An Zahl der größeren Kriegsschiffe war die Armada absolut weit überlegen mit 56 Fahrzeugen über 500 tons — dazu noch 4 Galeassen, mächtige Gefechtsschiffe, und 4 Galeren — gegen nur 14 auf englischer Seite. Wesentlich anders stellt sich dieser Vergleich aber schon, wenn wir auf englischer Seite die Schiffe zwischen 200 und 500 tons, 8 königliche und 26 Kauffahrer, dazu rechnen; nach ihrer Armierung ist man dazu berechtigt, da sie hierin den spanischen Schiffen von 500–600, ja auch vielen von 600–800 tons, gleichstanden.

In der Größe der Schiffe war die Überlegenheit ebenfalls auf spanischer Seite, wenn man die Zahl der Schiffe in den einzelnen Klassen nach Tonnengehalt gegenüberstellt. Für die Beurteilung der Gefechtskraft ist dieser Umstand jedoch nicht durchschlagend, weil die englischen Schiffe alle weit schwerer armiert waren als die spanischen gleichen Tonnengehalts. Auch boten die großen spanischen Fahrzeuge, die weit höher über Wasser waren als die englischen gleichen Tonnengehalts, im Feuergefecht ein gutes Ziel, ein Nachteil, der durch den Vorteil beim Enterkampf nicht aufgewogen wurde. Das auf Bildern jener Zeit zum Ausdruck gebrachte übermächtige Aussehen der Spanier hat gerade früher zur Überschätzung der Armada geführt.

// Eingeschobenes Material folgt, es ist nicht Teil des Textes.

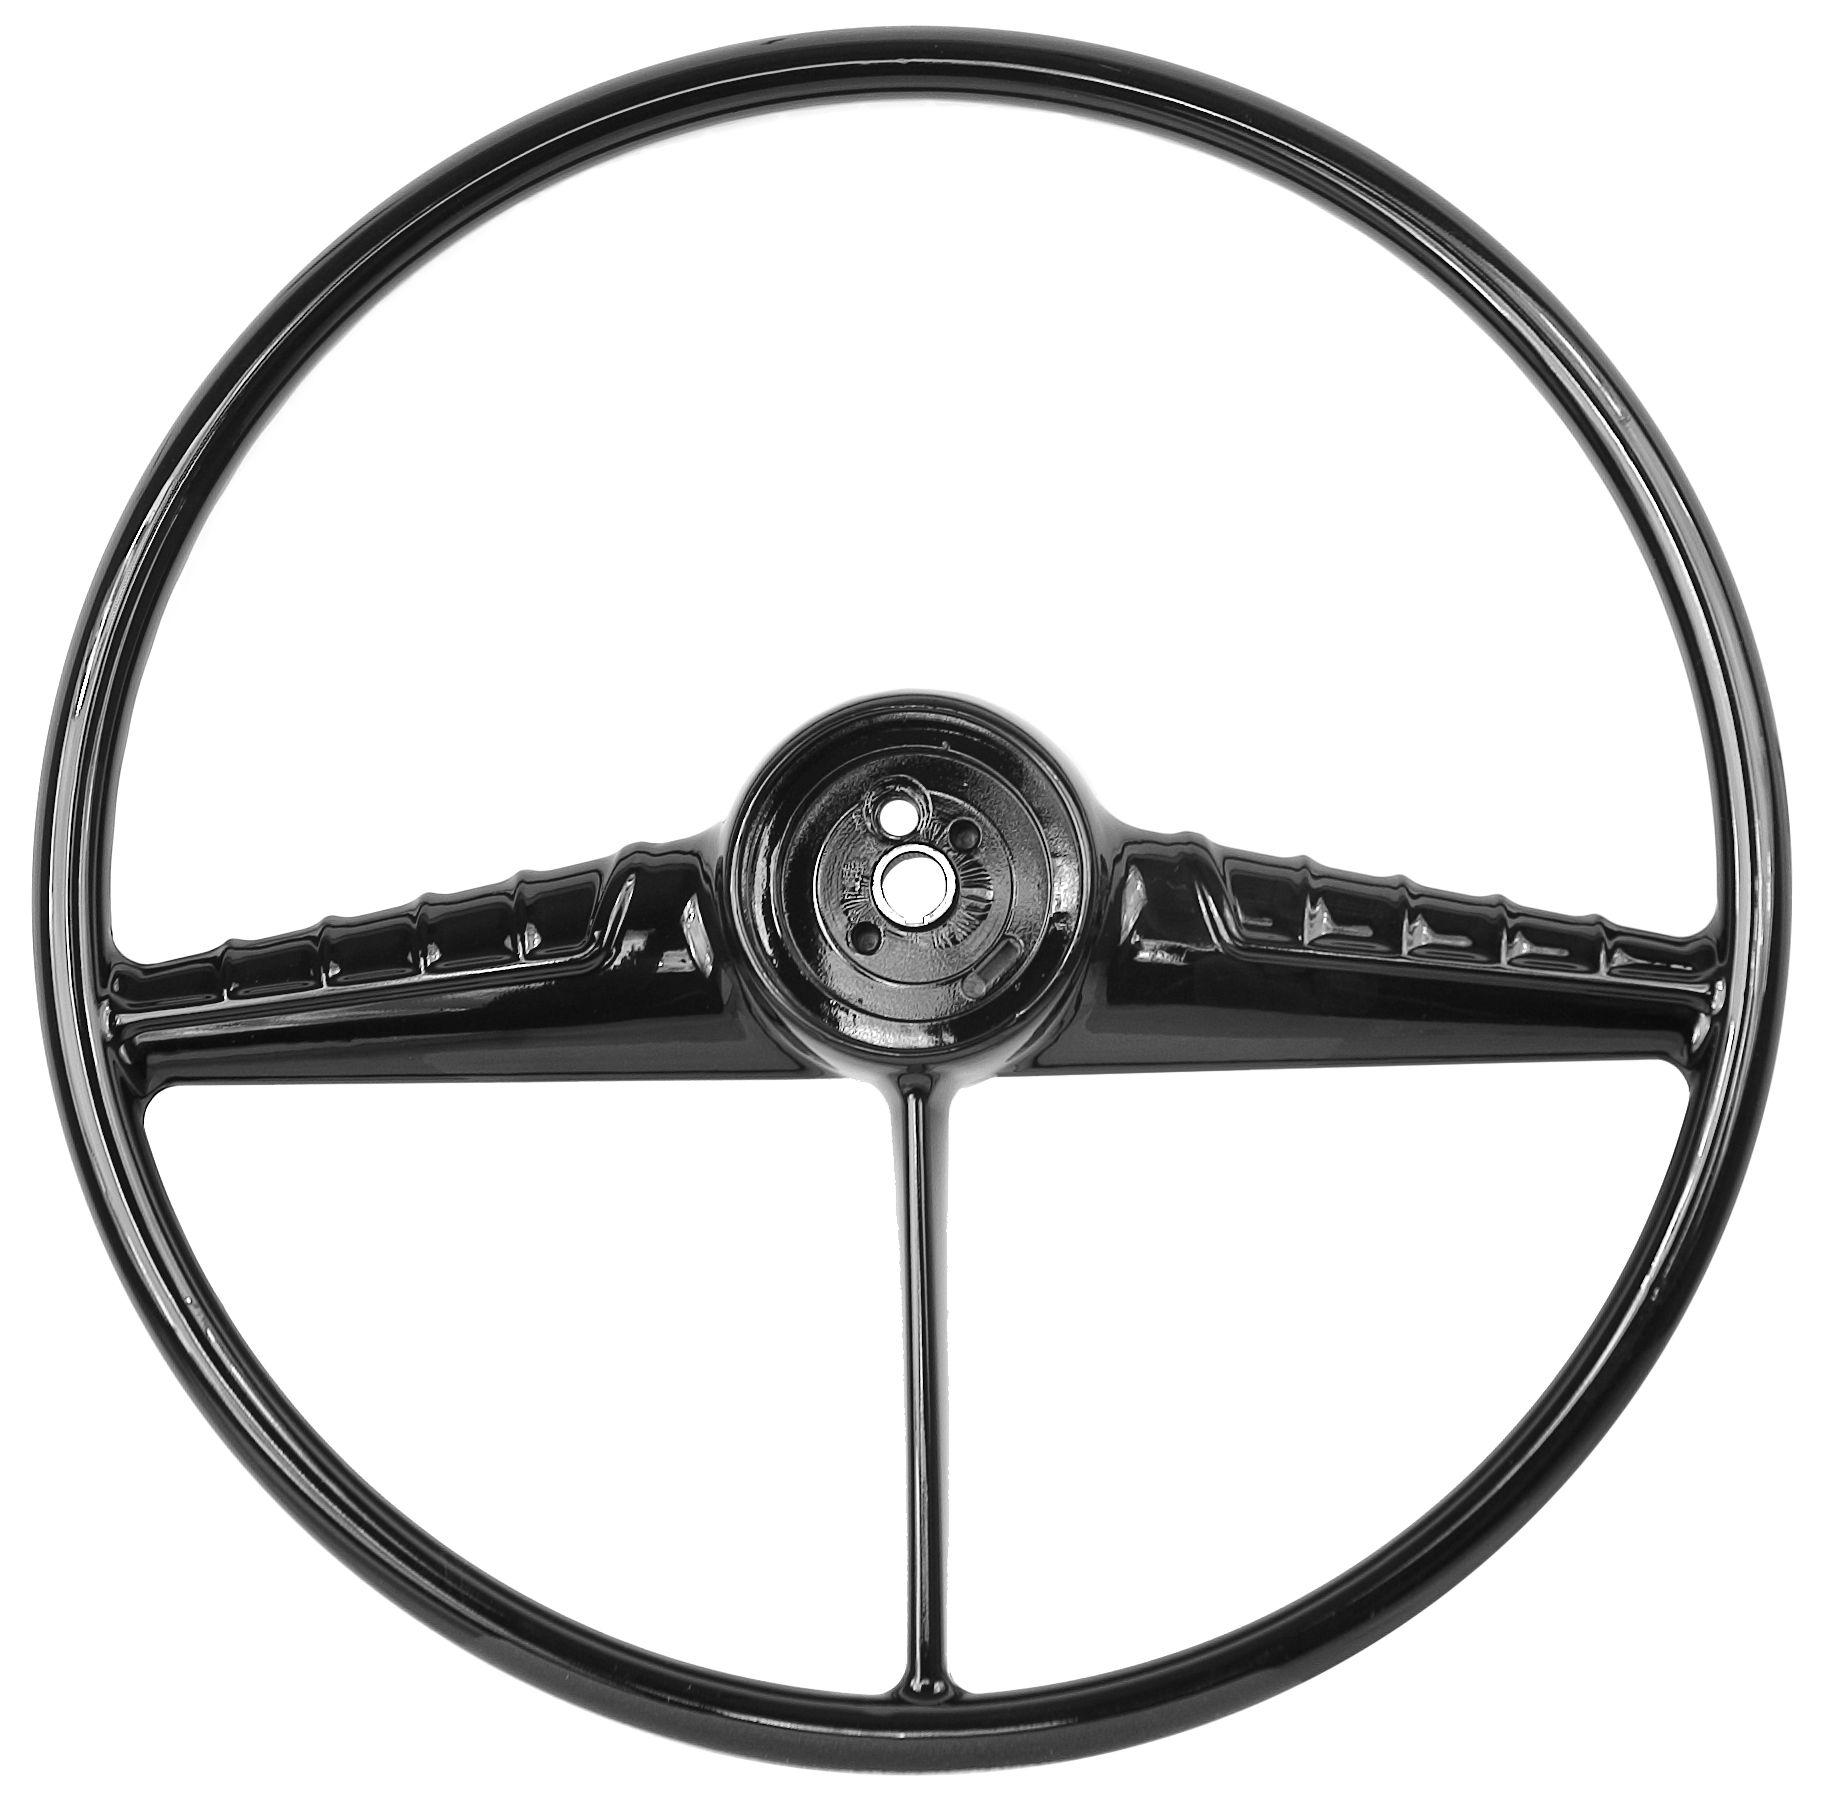 1954-56 GM Truck steering wheel

Zu dieser relativen Überlegenheit der englischen Artillerie an Zahl der Geschütze trat auch noch die ganz unzweifelhafte an Kaliberstärke,[59] d. h. es befanden sich auf der englischen Flotte relativ sicher, vielleicht sogar absolut, mehr Geschütze schwereren Kalibers als auf der spanischen, wenn auch die Schwäche der Spanier in dieser Beziehung nicht so bedeutend war, wie längere Zeit angenommen ist. Vor allem aber war die Bedienung dieser Waffe bei den Engländern weit besser. Die Spanier hielten — nach Ausspruch eines spanischen Autors — das Geschütz für eine unedle Waffe, gut genug zur Einleitung des Gefechts bis zum baldigen Kampfe Mann gegen Mann. Die Pforten waren bei ihnen der Sicherheit gegen Gewehrfeuer wegen so klein, daß die Geschütze nur schlecht gerichtet, namentlich nicht genügend inkliniert, werden konnten, bei Feuergefecht auf kurze Entfernung für die hohen Schiffe den niedrigeren gegenüber ein großer Nachteil. Die Schiffe führten nur wenig Munition. Die Bedienung war instruiert, auf die Takelage zu schießen, um den Feind manövrierunfähig zu machen und dadurch zum Enterkampf zu kommen; die Feuergeschwindigkeit war gering. Bei den Engländern war die Artillerie schon zu einer geachteten Waffe geworden, die Geschütze waren besser lafettiert und wurden besser und schneller bedient. Man kannte diesen Umstand in Spanien wohl; Philipp befahl in seiner Instruktion, bei einem Gefecht solle man den Enterkampf erzwingen, der Feind würde versuchen, ein Feuergefecht zu führen.

Ebenso wichtig aber wie die Überlegenheit im Gebrauch der Artillerie war die der Engländer in der Bedienung der Schiffe. Hingewiesen ist auf den großen Unterschied in der Bemannung mit Seeleuten, und sowohl als Mannschaft wie als Führer waren die Engländer tüchtiger. Bei den Spaniern überwogen die Soldaten so sehr, daß die Bedienung des Schiffes im Gefecht in Frage gestellt war, Soldaten kommandierten teilweise die Schiffe. Die spanischen Fahrzeuge manövrierten infolge ihrer Höhe über Wasser und ihrer hohen Kastelle an und für sich schon schlechter.